Kepulan asap hitam yang tinggi terlihat jelas dari area bengkel sehingga menarik perhatian warga sekitar. Mobil berpelat nomor BK 1373 AFV itu merupakan model kendaraan listrik terbaru yang dikenal berperforma tinggi di kelasnya.

Hingga kini, belum ada pernyataan resmi mengenai penyebab kebakaran maupun kepemilikan pasti mobil tersebut. Namun kejadian ini menambah deretan kasus insiden kendaraan listrik di Indonesia dan meningkatkan validitas isu keamanan kendaraan listrik di tengah tren elektrifikasi otomotif nasional.

Rekomendasi Mobil Bekas 8-Seater untuk Mudik 2026

Selain dua isu utama di atas, kanal otomotif turut menampilkan rekomendasi mobil bekas 8-seater menjelang musim mudik 2026. Kenyamanan dan kapasitas muatan menjadi pertimbangan utama keluarga besar untuk perjalanan jarak jauh.

Beberapa pilihan populer mobil bekas 8-seater meliputi model-model berikut:

  1. Toyota Kijang Innova
  2. Suzuki APV
  3. Nissan Serena
  4. Toyota Avanza Veloz
  5. Mitsubishi Xpander
  6. Daihatsu Luxio

Mobil-mobil tersebut dikenal memiliki kabin luas dan bagasi yang fleksibel, sehingga sangat ideal untuk mengangkut banyak penumpang sekaligus barang bawaan selama mudik. Harga mobil bekas saat ini juga relatif terjangkau jika dibandingkan dengan unit baru.

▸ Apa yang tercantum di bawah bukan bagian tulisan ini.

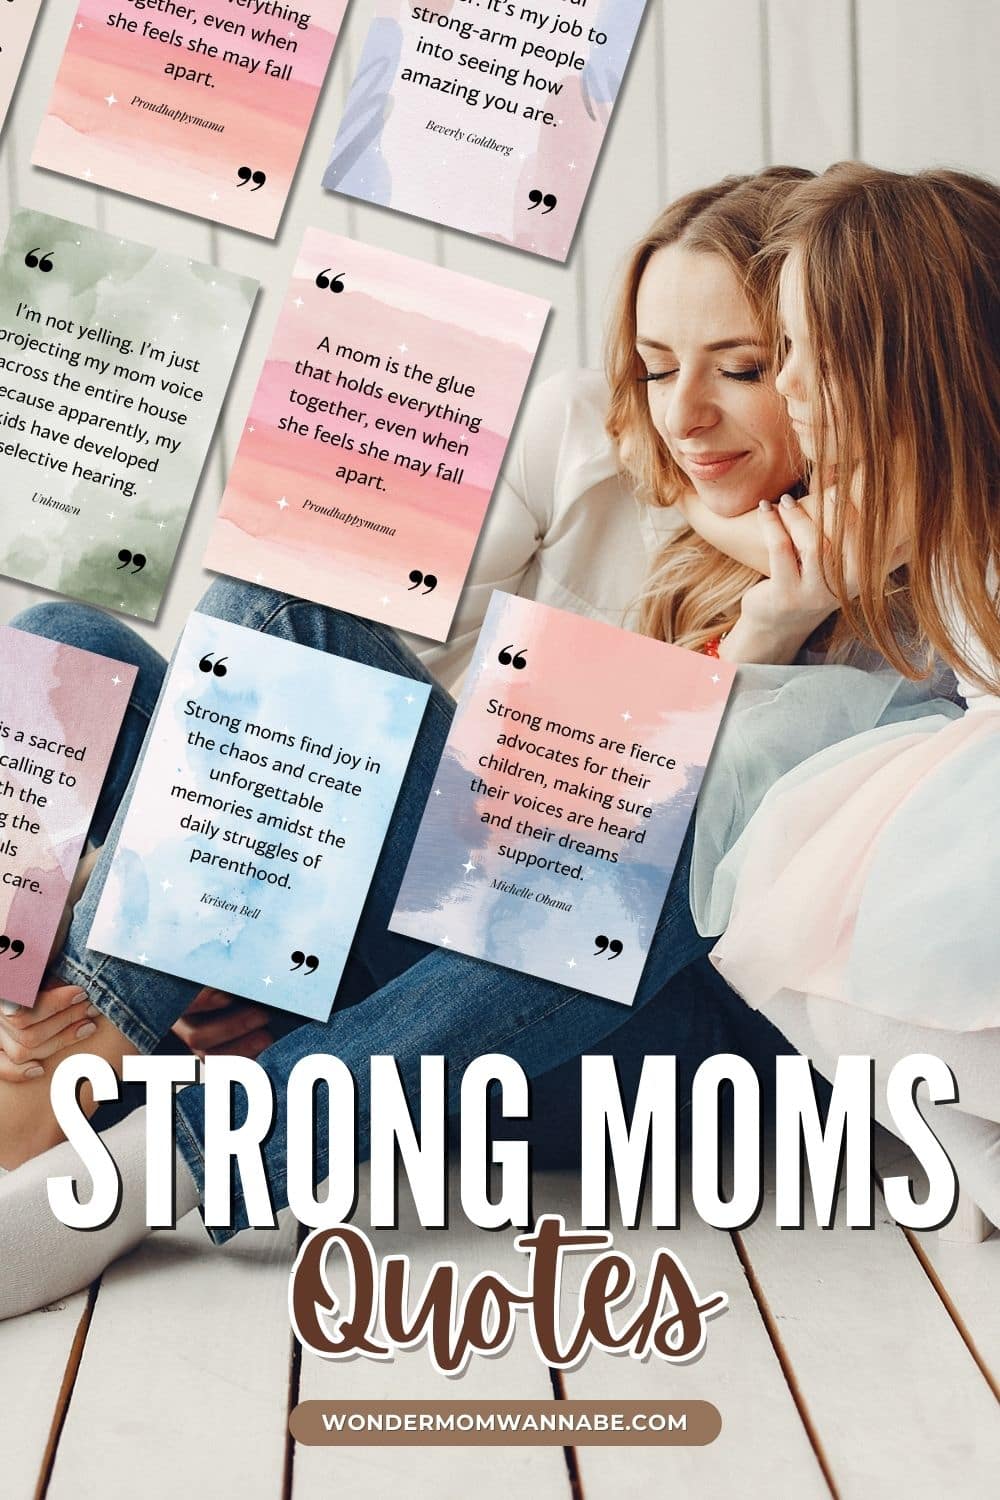 Get inspired by these powerful and uplifting strong mom quotes, now available in a printable format. These heartfelt words are perfect for reminding yourself or gifting to other strong moms in your life.

Pantauan Harga Motor Matic Awal 2026

Pasar otomotif nasional juga diwarnai dengan update harga motor matic keluaran Yamaha, Honda, dan Suzuki pada awal Januari 2026. Berdasarkan pantauan redaksi Suara.com, harga berbagai model motor matic dari segmen entry level hingga premium cenderung stabil, walaupun ada beberapa penyesuaian harga dari pabrikan.

Adapun daftar harga motor matic per Januari 2026 berdasarkan pantauan laman resmi pabrikan adalah sebagai berikut:

Merek Model Harga Januari 2026 (mulai dari)
Honda BeAT, Vario 125/160, Scoopy Rp 18-28 jutaan
Yamaha Mio Gear, Fazzio, Aerox, Lexi Rp 18-31 jutaan
Suzuki Nex II, Address, Burgman Street Rp 18-31 jutaan

Masyarakat diimbau terus memantau informasi terbaru dari sumber resmi untuk memastikan harga terkini dan mendapatkan promo terbaik.

Sorotan terhadap koleksi kendaraan pejabat dan insiden yang menimpa figur publik seperti Bobby Nasution menjadi cerminan tingginya perhatian masyarakat terhadap isu transparansi, keamanan, dan perkembangan industri otomotif nasional. Pilihan kendaraan, baik untuk kebutuhan pribadi maupun keluarga, turut menjadi indikator gaya hidup dan preferensi di tengah dinamika sosial-ekonomi masyarakat.